A

Lugo

court

has just issued an order in which it concludes that it is not a crime to record women while they urinate on public roads and then post them on pornography websites. The judge of

First Instance and Instruction number 1 of Viveiro

issued this resolution in the framework of an investigation into the recordings of more than 80 women at the

A Maruxaina

parties

in the town of

Cervo

in 2019.



Last March this same judge ,

Pablo Muñoz Vázquez,

provisionally shelved the open case after the complaints of more than 80 of those women who detected that they had been recorded in the aforementioned pilgrimage and then they appeared published on the Internet, some on payment pages. His decision caused a great stir, leading to a massive protest in Lugo and appeals and reform appeals were presented by several of the women complainants.



Now, in a car of this month of September, he dismisses all those appeals and confirms his previous decision. Against the criteria of the women complainants and the

Prosecutor's Office

, he does not see in this behavior of making clandestine recordings and then disseminating them a crime against privacy or moral integrity.



The judge does not appreciate a crime against the entity because the recordings were made "in the middle of a public thoroughfare and not a private space reserved for the knowledge of other people" and he does not see either that the moral integrity of the people recorded is being violated because "no the tendency to break their physical and moral resistance is appreciated.

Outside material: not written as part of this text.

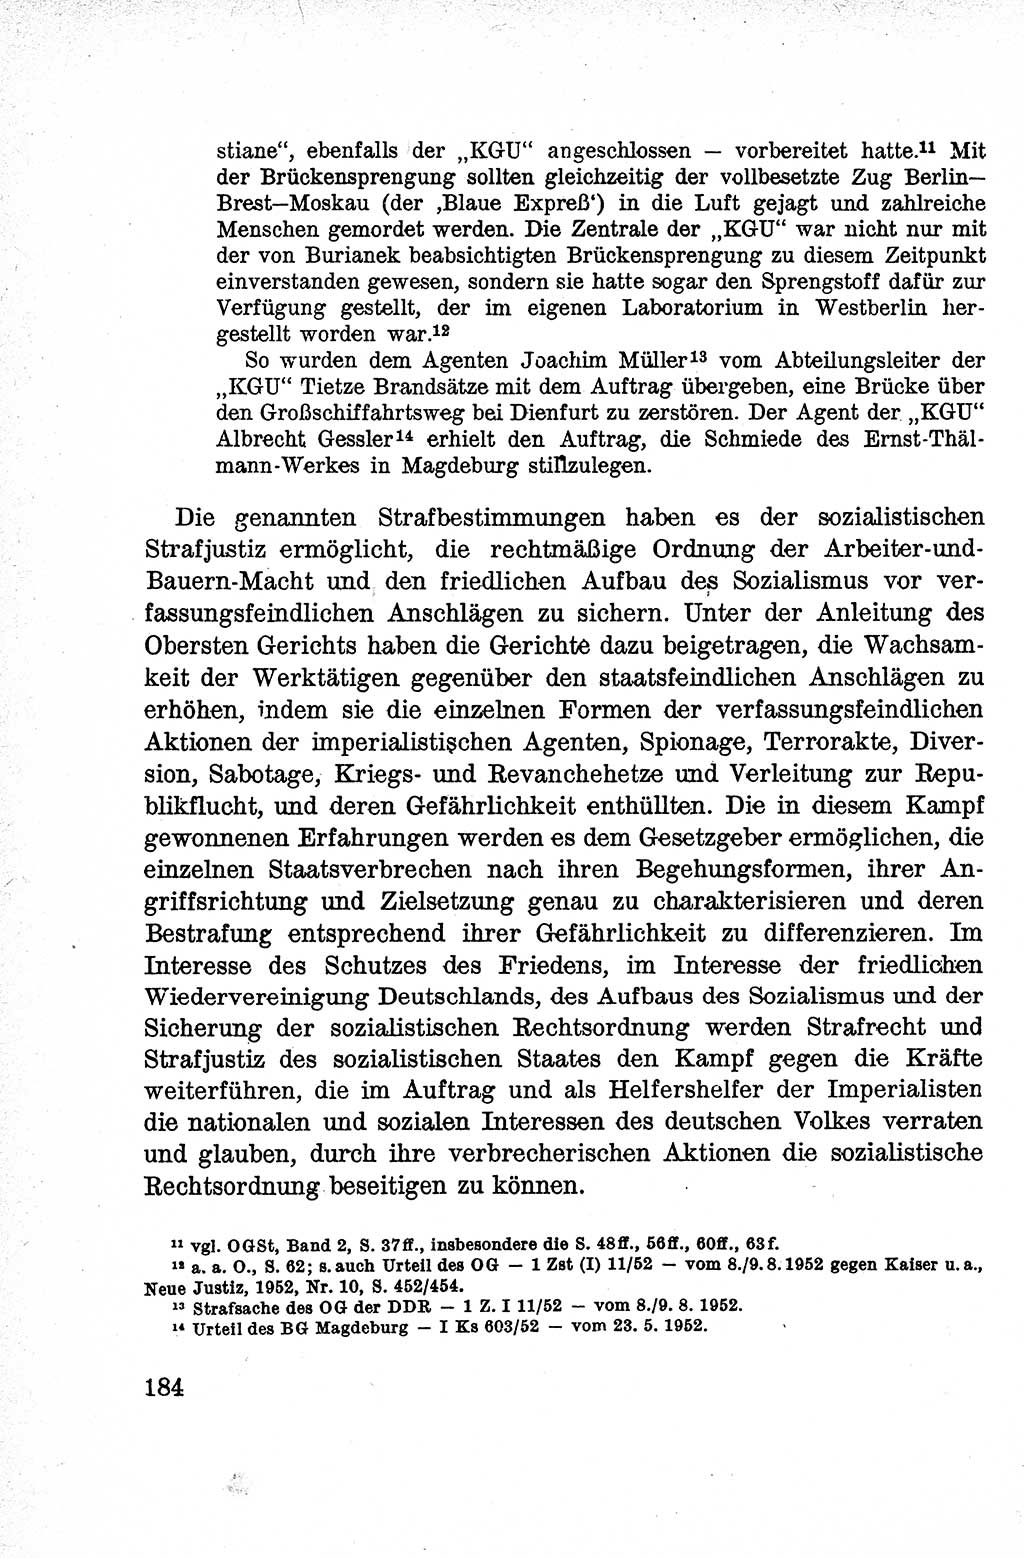 Lehrbuch des Strafrechts der Deutschen Demokratischen Republik (DDR), Allgemeiner Teil 1959, Seite 184 (Lb. Strafr. DDR AT 1959, S. 184)

The judge cites previous jurisprudence of the

Provincial Courts of Jaén, Seville and Pontevedra

in which it is indicated that, for it to be considered a crime, it should be the "clandestine placement of filming or image transmission devices in closed and private places" or also the "use of the aforementioned technical devices to record remotely and from outside what happens in such closed places ".

It will have to be in the civil route



Faced with these assertions, the sentences cited by the Viveiro judge conclude that "the clandestine or uncontentional obtaining of images in public places or outdoors" cannot be punished by criminal means, that is, it is not a crime, but "must have an extra criminal response "and be approached by civil means.



In this regard, it argues the capture of images in public places could obtain protection in the

Organic Law 1/1982, of Civil Protection of Honor, Privacy and Self Image,

but that it is not for a criminal court to analyze whether the denounced conduct it can be a crime according to civil regulations for the protection of privacy and self-image.



Regarding the crime against moral integrity, the judge resorts to a resolution of the Supreme Court that demands that in order for this crime to be considered, the victims must be created "feelings of fear, anguish and inferiority, capable of humiliating them, of debasing them. and to break in his case his physical resistance and delay ".

Consider that in this case, none of these characteristics are given.



The resolution is not final and some of the parties in the case have already announced the presentation of an appeal before the

Provincial Court of Lugo

to overturn the decisions of the investigating judge.